A French research group tracking how city halls and regional governments use data and artificial intelligence has opened its 2026 national survey, with responses accepted through July 17, 2026.
The effort—run by the Observatoire Data Publica and now in its fifth edition—aims to measure how mature local public-sector organizations are on data governance and AI, based on on-the-ground feedback: what tools are actually in use, what’s stalling projects, what skills are missing, and how (or whether) data and AI are being built into day-to-day management of public services.
As digital projects multiply across local administrations, the barometer is designed to separate what’s working from what’s getting stuck—and what local leaders say they’ll prioritize in the months ahead.
A short response window, and a push to hear from more than the usual early adopters
Sommaire
- 1 A short response window, and a push to hear from more than the usual early adopters
- 2 Why the survey emphasizes “real use cases,” not just tech stacks
- 3 Last year’s backers highlight the money-and-infrastructure reality
- 4 Data and AI are now campaign promises, too—nearly 300 proposals reviewed
- 5 Questions fréquentes
- 6 À retenir
- 7 Sources
- 8 Key Takeaways
- 9 Frequently Asked Questions
- 10 Sources
Observatoire Data Publica describes the 2026 barometer as a national reference survey on data and AI practices “in the territories”—France’s cities, towns, and inter-municipal bodies that deliver many front-line public services.
The questionnaire is open until July 17, 2026, a tight window that typically forces local governments to quickly pull together the people who touch these projects: top administrators, IT directors, department heads, data leads, GDPR contacts, and sometimes the offices of local elected executives.
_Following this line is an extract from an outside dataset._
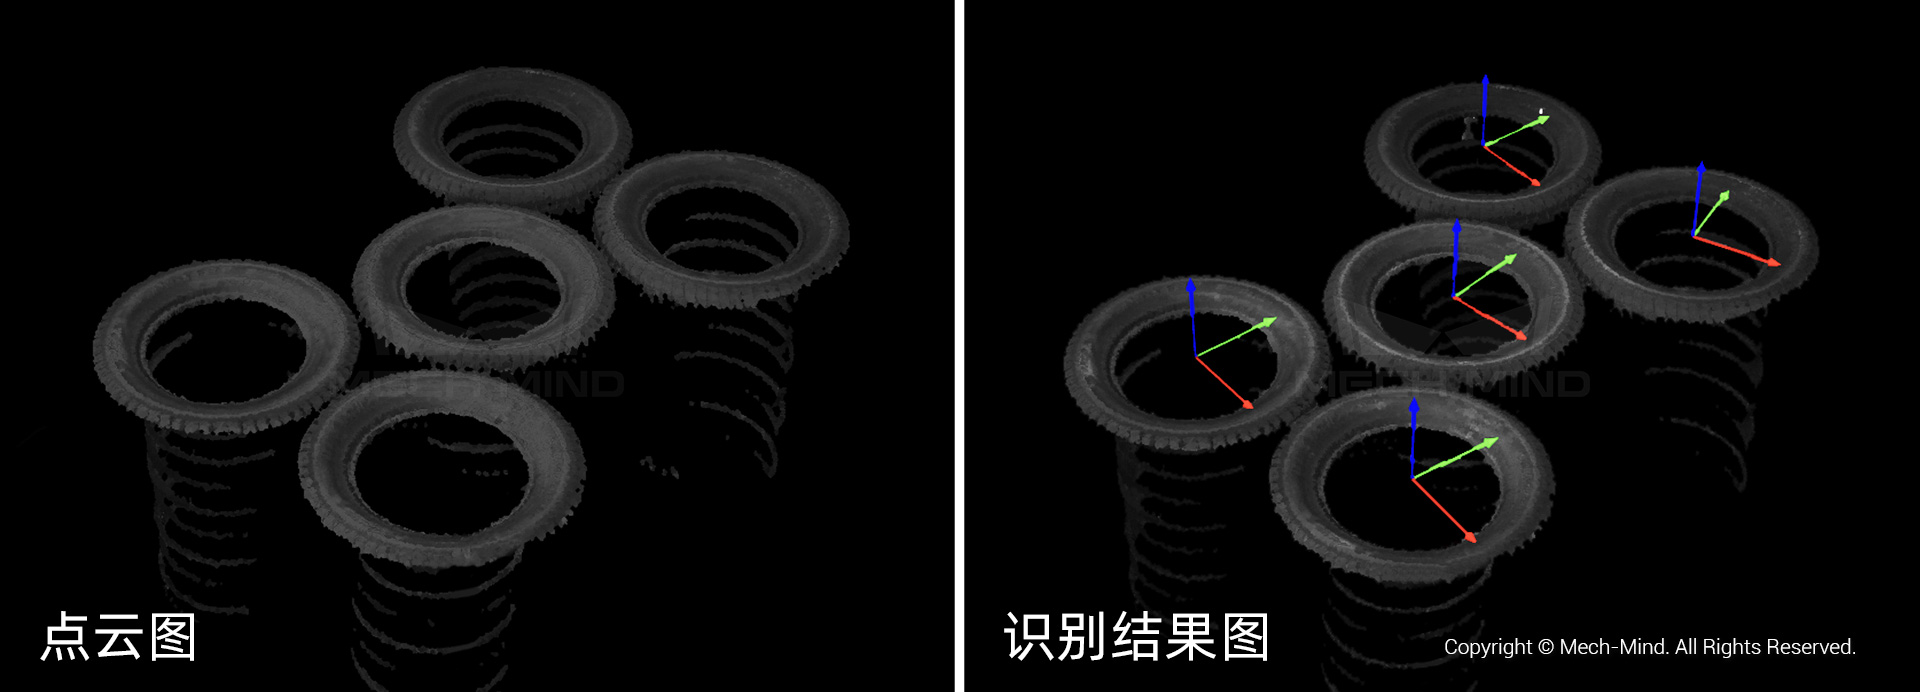 海外案例分享 | 3D视觉拆垛助力智能轮胎仓库

The stated goal is to capture a broad snapshot that can support national trendlines—without hearing only from the most advanced local governments.
Rather than simply cataloging software purchases, the survey focuses on operational reality: whether data is governed with defined roles, catalogs, quality rules, and sharing procedures—or whether it remains siloed across departments. It also probes whether local governments have a unified strategy or a patchwork of initiatives driven by individual departments such as planning, mobility, finance, or sanitation.
The 2026 edition also tests whether momentum from recent years is holding. Observatoire Data Publica notes that AI use—predictive analytics, task automation, decision support, and experiments tied to generative AI tools—runs into administrative constraints including public procurement rules, security requirements, the availability of structured data, and the ability to measure public value.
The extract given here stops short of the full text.